Kerem Oktem
Kerem Öktem is Open Society Research Fellow at the European Studies Centre and an Associate Faculty Member at the Oriental Institute, University of Oxford. He obtained his D. Phil. on the interaction of nation-building and spatial policies from Oxford's School of Geography in 2006 and an M. St. in Modern Middle Eastern Studies from the Oriental Institute in 2001.
Dr Öktem is the author of Angry Nation. Turkey since 1989 (Zed, 2011), which was also published in Arabic as Al Umma al Ghadiba (Soutour Publishers, Cairo, 2012) [http://keremoktem.com/books/angry-nation] He is co- or lead editor of the following books:
Another Empire? A decade of Turkey’s Foreign Policy under The Justice and Development Party (Bilgi University Press, 2012) with Ayşe Kadioğlu [http://anotherempire.info]
Turkey’s Engagement with Modernity. Conflict and Change in the 20th Century (Palgrave Macmillan, 2010) with Celia Kerslake and Philip Robins [http://www.turkishpolicy.com/images/stories/2010-01-tpq/127-135.pdf] In the long Shadow of Europe. Greeks and Turks in the Era of Postnationalism (Brill, 2009) with Kalypso Nicolaïdis and Othon Anastasakis.
His latest SEESOX booklet on Turkey is a co-edited essay on Turkey’s changing foreign policy logics: The Western Condition. Turkey, the US and the EU in the new Middle East (SEESOX, 2013) [http://www.sant.ox.ac.uk/seesox/publications/TheWesternCondition.pdf ]
Dr Öktem was recently been elected to the Editorial Board of Kurdish Studies and Mülkiye Dergisi, the journal of the Political Science Faculty of Ankara University. He is a member of the Middle East Studies Association the Association for the Study of Ethnicity and Nationalism and the British Institute in Ankara.
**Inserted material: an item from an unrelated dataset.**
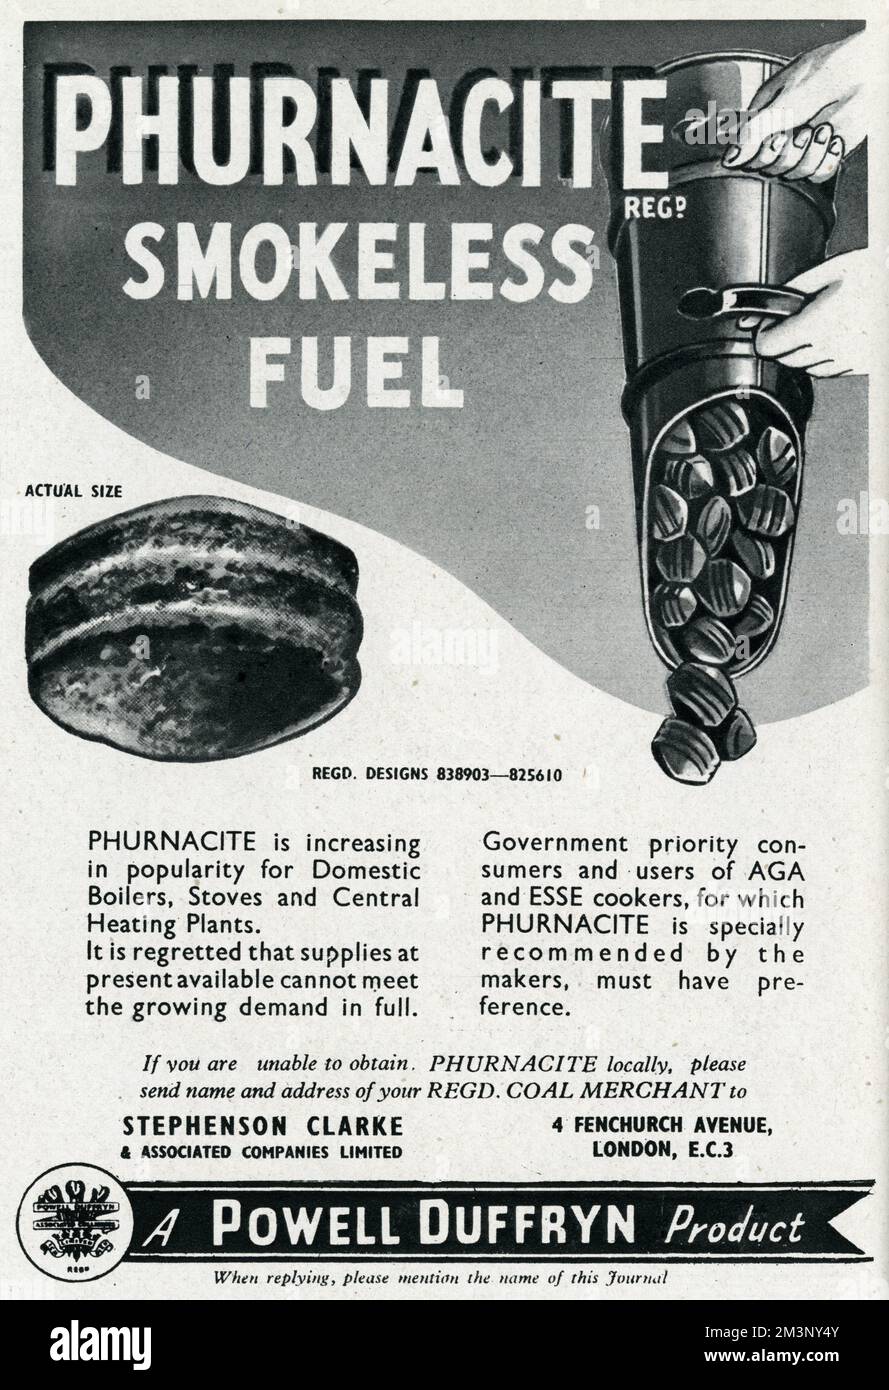 'Phurnacite smokeless fuel'.  Phurnacite is increasing in popularity for Domestic Boilers, stoves and central heating Plants.  It is regretted that supplies at present available cannot meet the growing demand in full.  government priority consumers and users of AGA and ESSE cookers, for which Phurnacite is specially recommended by the makers, must have preference.  1944 Stock Photo

Dr Öktem currently works on two interrelated research projects on the politics of Muslims. The first on ‘Europe’s Muslim Neighbourhoods’ deals with the politics of Muslim immigrants and their relations with Muslim majority countries in Europe’s neighbourhood, as part of a wider research project on freedom and Diversity at the Dahrendorf Programme for the Study of Freedom at St Antony’s College. The second is the Open Society Foundation funded research initiative on the ‘Signals from the majority’ in Germany. As principal investigator, and together with a research team based in Berlin and at the European University at Frankfurt/Oder, he seeks to elucidate the impact of exclusivist state action and discriminatory public debate on the sense of security and the ability to integrate among Muslims and Jews.